概念的には、これは「総ての移動の後にこのゲーム全体をプレイする方法を再学習していきます」と言うのに対して、「これを上手くプレーするアイデアを持っていて、より良いものを見つけるまで少し試してみる」と言っているようなものです。この StackOverflow の回答を見てください。

◇ 二番目に、それは経験再生を使用します。

タプル (state, action, reward, next_state) のリストをストアし、最近の経験からのみ学習する代わりに、そこまでに蓄積された経験の総てからサンプリングして学習します。

次に、それがどのように実装されるか見ましょう。

import gym
import tensorflow as tf
from tensorflow.keras import layers
import numpy as np
import matplotlib.pyplot as plt

環境を作成するために OpenAIGym を使用します。後でアクションをスケールするために upper_bound パラメータを使用します。

problem = "Pendulum-v0"
env = gym.make(problem)

num_states = env.observation_space.shape[0]
print("Size of State Space ->  {}".format(num_states))
num_actions = env.action_space.shape[0]
print("Size of Action Space ->  {}".format(num_actions))

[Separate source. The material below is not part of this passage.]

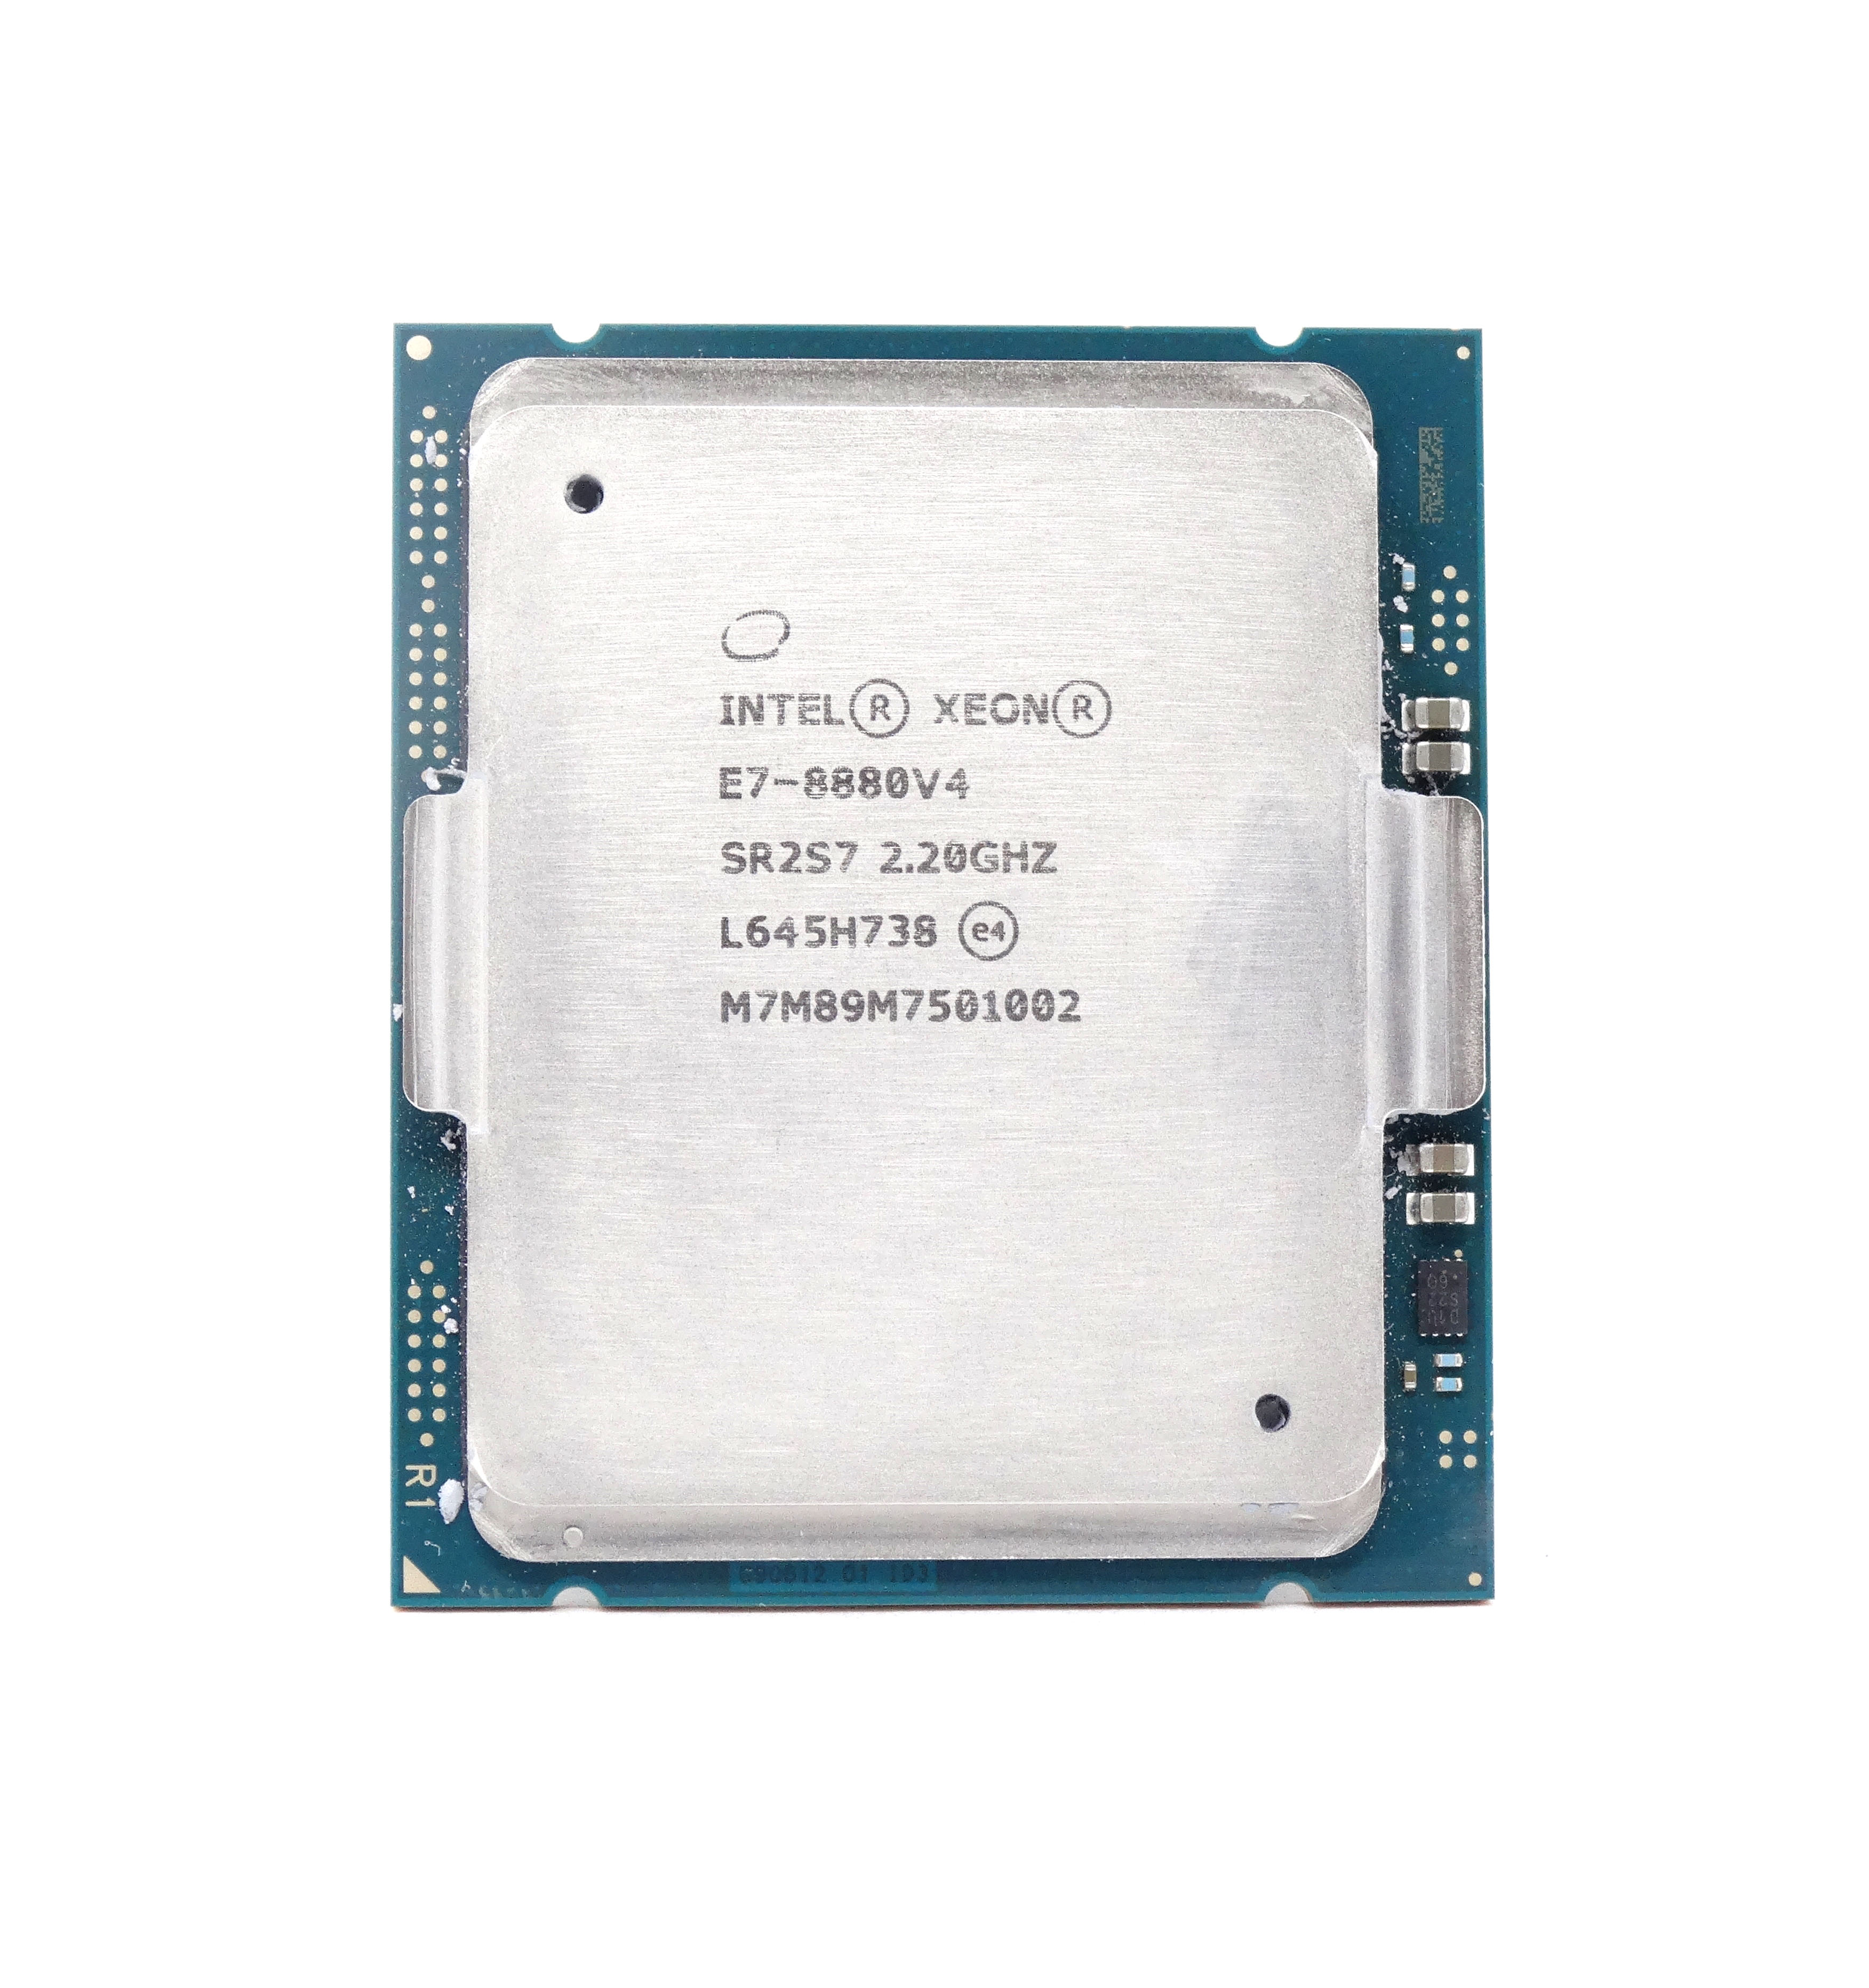 Intel Xeon E7-8880v4 2.2GHz 22 Core 55MB LGA2011 CPU Processor (Xeon E7-8880v4)
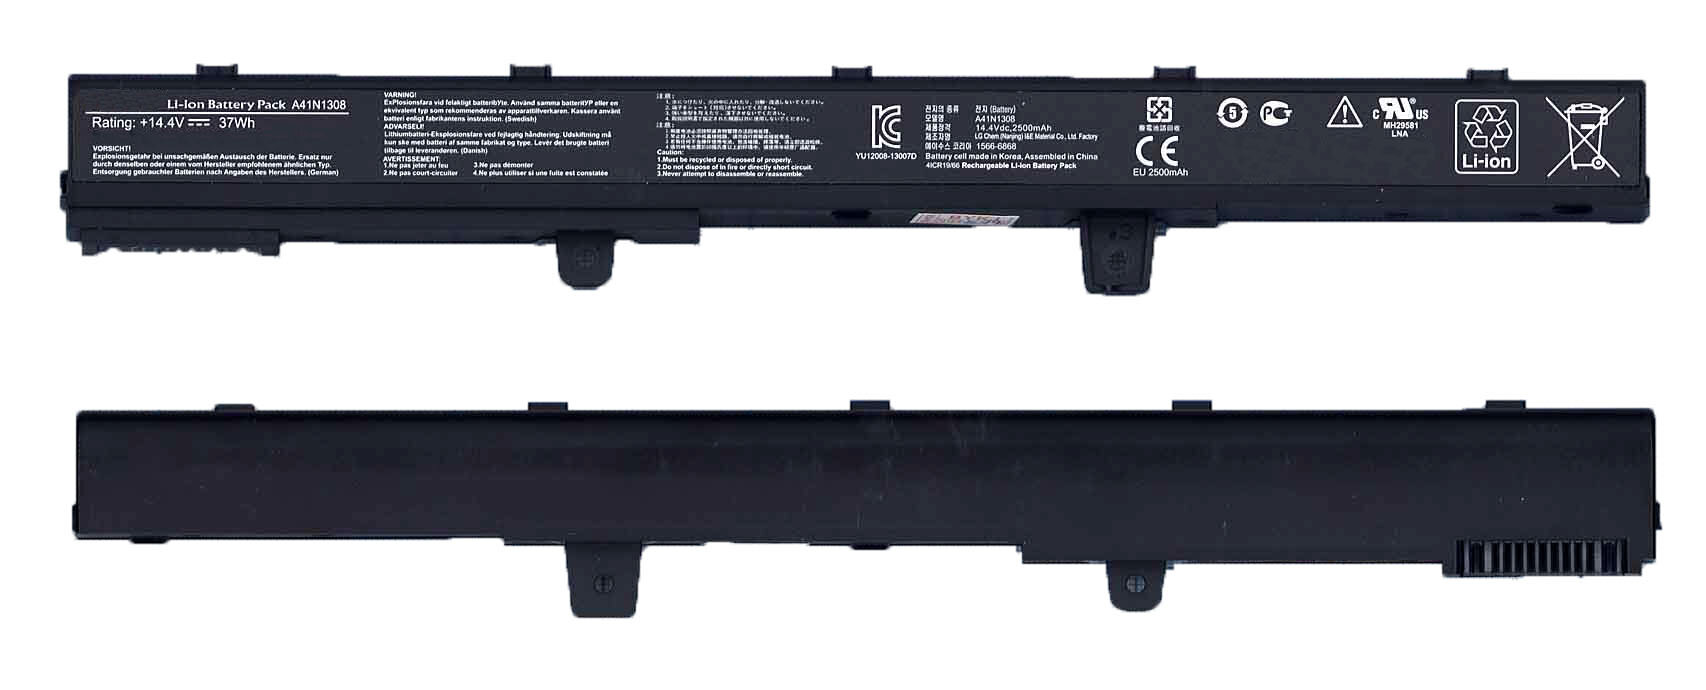 Аккумуляторная батарея для ноутбука Asus X441CA X551CA (A41N1308) 14.4V 37Wh черная

upper_bound = env.action_space.high[0]
lower_bound = env.action_space.low[0]

print("Max Value of Action ->  {}".format(upper_bound))
print("Min Value of Action ->  {}".format(lower_bound))

Size of State Space ->  3
Size of Action Space ->  1
Max Value of Action ->  2.0
Min Value of Action ->  -2.0

アクターネットワークによるより良い探索を実装するため、論文で記述されているように、ノイズのある摂動、特にノイズを生成する オルンシュタイン-ウーレンベック過程 を使用します。それは相関性がある正規分布からノイズをサンプリングします。

class OUActionNoise:
    def __init__(self, mean, std_deviation, theta=0.15, dt=1e-2, x_initial=None):
        self.theta = theta
        self.mean = mean
        self.std_dev = std_deviation
        self.dt = dt
        self.x_initial = x_initial
        self.reset()

    def __call__(self):
        # Formula taken from https://www.wikipedia.org/wiki/Ornstein-Uhlenbeck_process.
        x = (
            self.x_prev
            + self.theta * (self.mean - self.x_prev) * self.dt
            + self.std_dev * np.sqrt(self.dt) * np.random.normal(size=self.mean.shape)
        )
        # Store x into x_prev
        # Makes next noise dependent on current one
        self.x_prev = x
        return x

    def reset(self):
        if self.x_initial is not None:
            self.x_prev = self.x_initial
        else:
            self.x_prev = np.zeros_like(self.mean)

Buffer クラスは経験再生を実装しています。

Algorithm

Critic 損失 : y – Q(s, a) の平均二乗誤差, ここで y はターゲットネットワークにより見られる期待リターンで、Q(s, a) は Critic ネットワークにより予測されるアクション値です。y は critic モデルが獲得しようとする移動ターゲットで、ターゲットモデルをゆっくりと更新することでこのターゲットを安定的にします。

アクター損失 : これはアクターネットワークにより取られたアクションに対する Critic ネットワークにより与えられる値の平均を使用して計算されます。この量を最大化することを求めます。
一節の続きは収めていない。